# Compresor neumático a 12v



## JuanEma (Feb 20, 2010)

Hola amigos!!

Como estan!

Bueno mi preg seria quiero conectar un compresor de 12v esos para autos en una moto 110 con bateria de 12v a traves de un toma de encendedor de cigarrilos del auto se como hacerlo pero influye en algo del consumo???

Compresor

Toma


Espero q me sepan ayudar!!!!!!!!!!!


----------



## fernandoae (Feb 20, 2010)

En pocas palabras.. no influye en nada 

Ah y si es ese el compresor que pensás comprar no tires plata... es muy malo.


----------



## JuanEma (Feb 20, 2010)

OK!!

Grax por tu respuesta

Ycual seria el inconveniente de este tipo de compresor????????


----------



## santiago (Feb 20, 2010)

el tema es el consumo, esos compresorcitos, consumen buena coriente, creeria que mas de lo que larga la bateria (4 ah creo que tiene), ya que el motorcito que tiene es un poquitin mas grande que el del motor de arranque arranque, proba, si se te muere la bateria hacelo andar con el motor un poquito acelerado


----------



## fernandoae (Feb 20, 2010)

"creeria que mas de lo que larga la bateria (4 ah creo que tiene)"
Eso no tiene nada que ver, por ej, una bateria de 4A/H puede entregar 10A por un tiempo menor...


----------



## Tacatomon (Feb 20, 2010)

Pero para inflar lo que necesites vas a tardar medio bastante. Aparte, el chaval solo quiere saber por que son malos, ha de ser por la baja calidad de los componentes en general. Algo así como "Chino"


----------



## fernandoae (Feb 20, 2010)

Para un auto es malo porque no tiene buen caudal de aire ( y levanta temperatura rápido), si tiene presión como para una rueda de moto 
Yo se que es malo porque tengo un igual, pero hay algunos asi chicos que estan buenos.


----------



## JuanEma (Feb 20, 2010)

Claro yo lo estaba por hacer funcionar con el motor de la moto prendida OBVIO!!!!
Pues sino muere rapido la bateria no ??
Vi asta q*ue* le conectan essa lampara de camping o un cargador de celular!!!

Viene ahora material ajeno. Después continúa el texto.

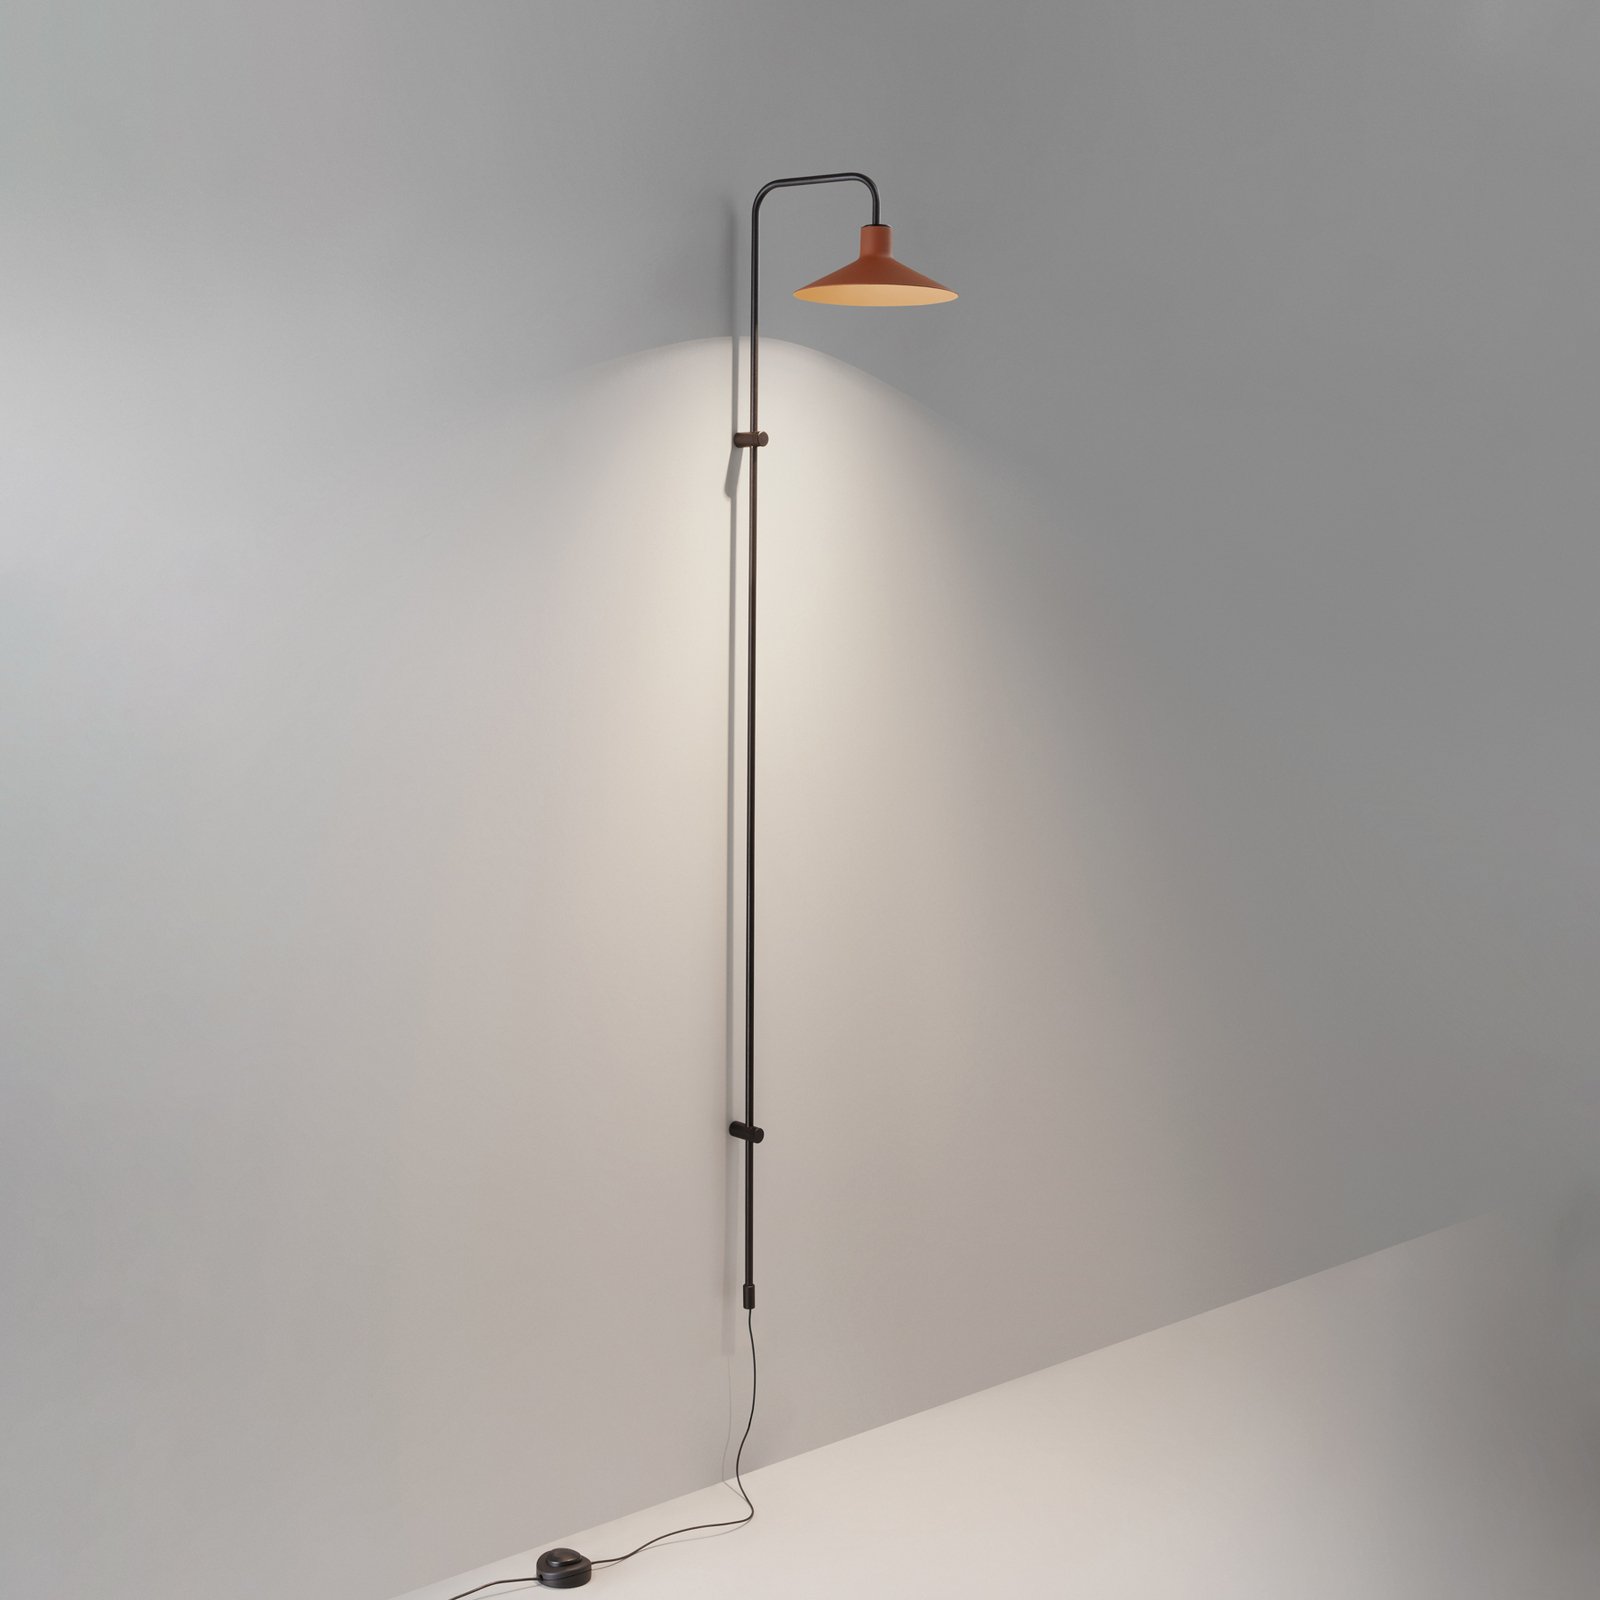 Bover Platet A05 LED-Wandlampe Dimmer, terracotta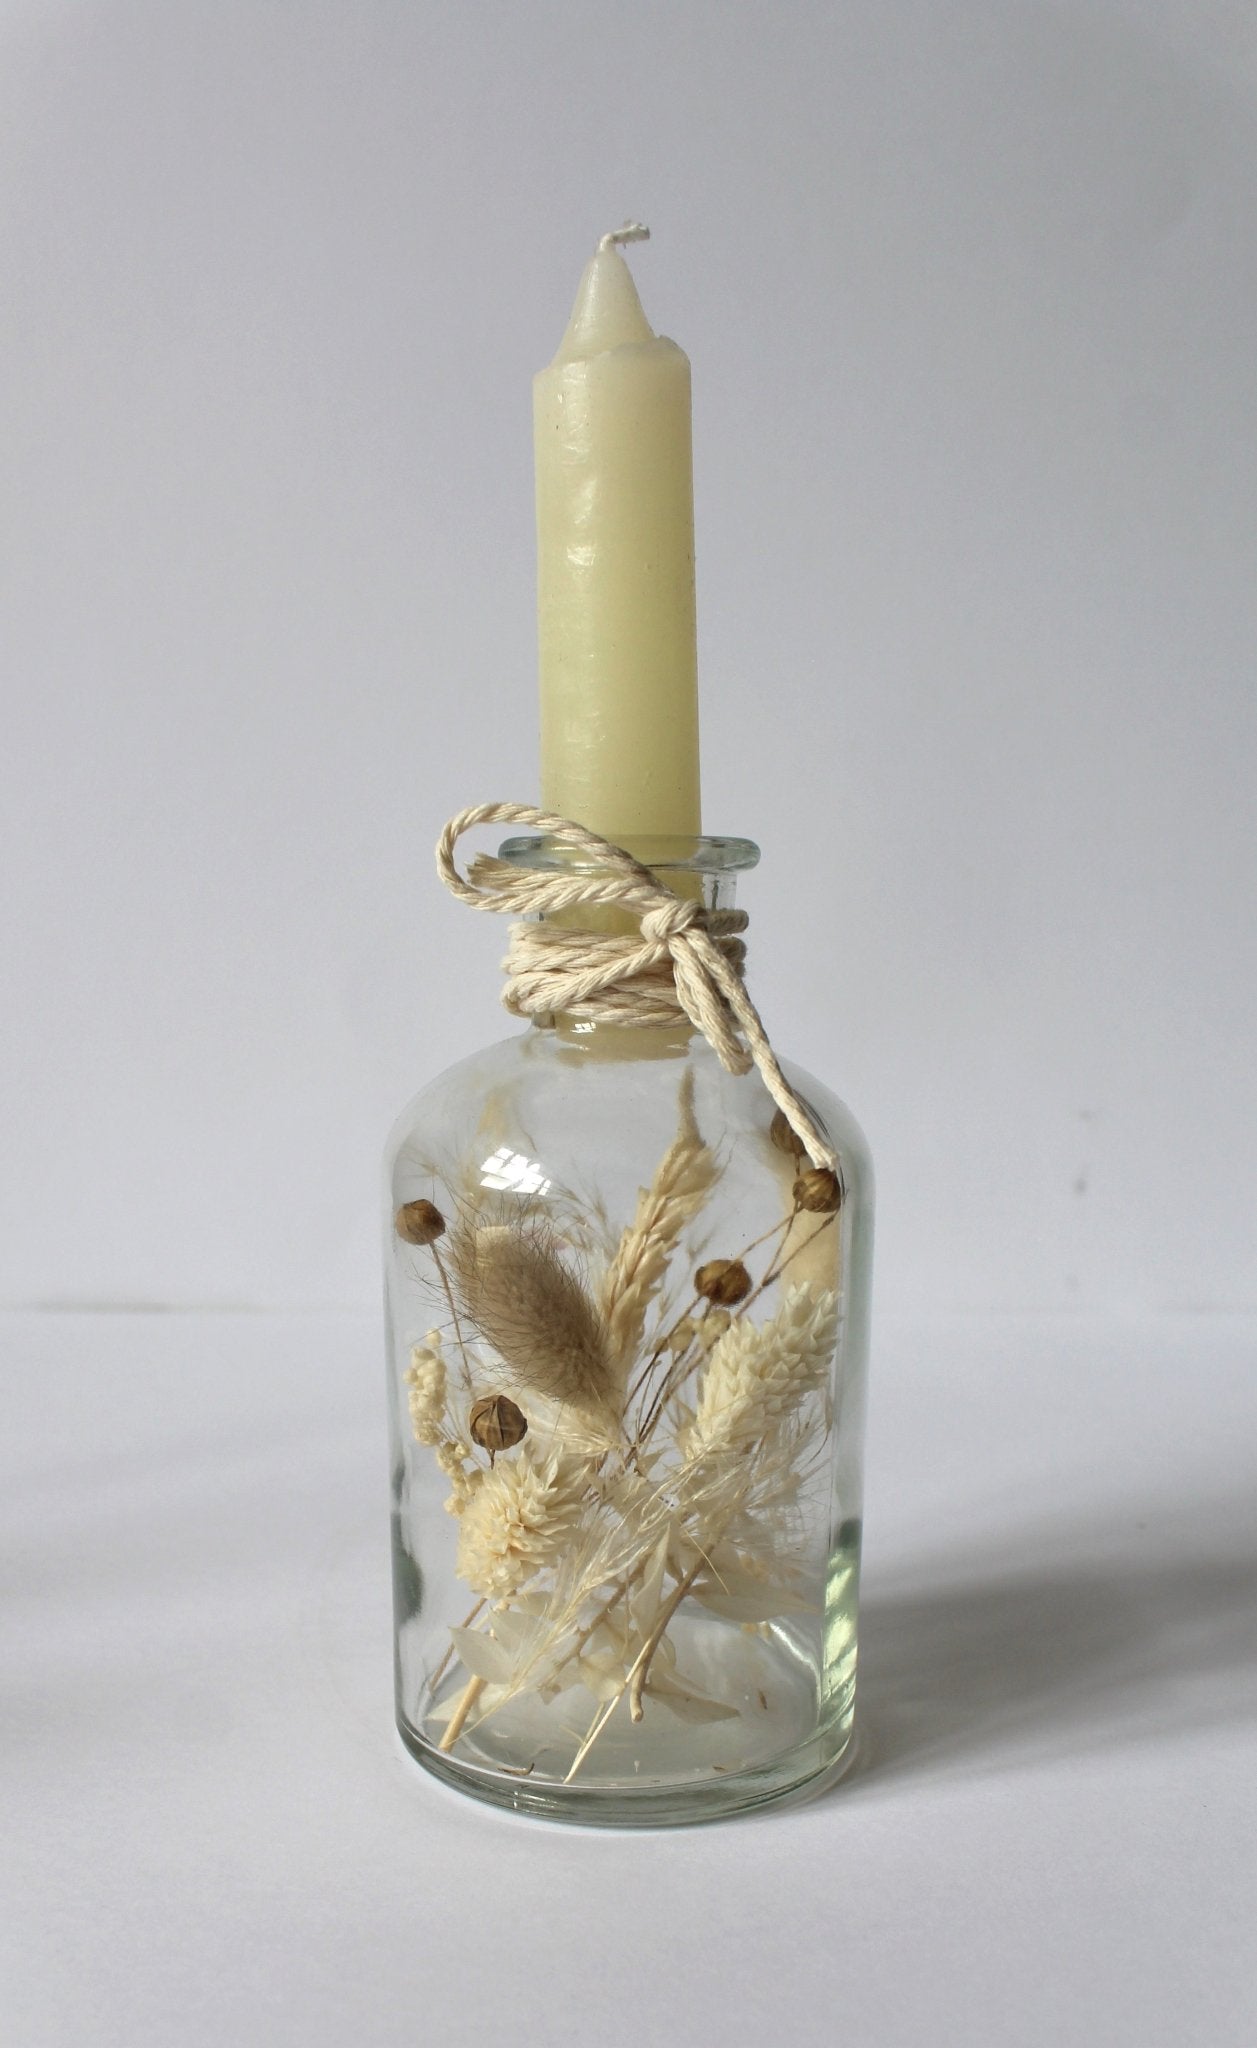 Kerzenglas mit Trockenblumen - Kerzenständer

*Por *q*ué* no puede funcionar esta???

Tan malos son estos aparatos???


----------



## bb1 (Feb 20, 2010)

Habitualmente llevo ese mismo y exacto compresor en el cofre de la moto, junto a un kit reparapinchazos tipo seta de goma desde hace ¡15 años!. Me ha sacado en un par de ocasiones de un buen atolladero. Sin ningún problema de consumo exagerado para la batería. También para meter aire cuando lo necesito.

Cuando lo he usado en mi coche que también es rueda sin cámara y permite reparación con el mismo procedimiento también sin problema. Eso sí, inflar una rueda totalmente deshinchada puedes superar los ocho minutos, por lo que es necesario dejarlo enfriar. Fíjate que lo de fuera es de pega y el cilindro que va por dentro no tiene ningún tipo de aleteado y le cuesta refrigerarse.


----------



## JuanEma (Feb 21, 2010)

estonces no hay inconvenientes!!!

Bueno parace q*ue* lo voy instalar nomas!!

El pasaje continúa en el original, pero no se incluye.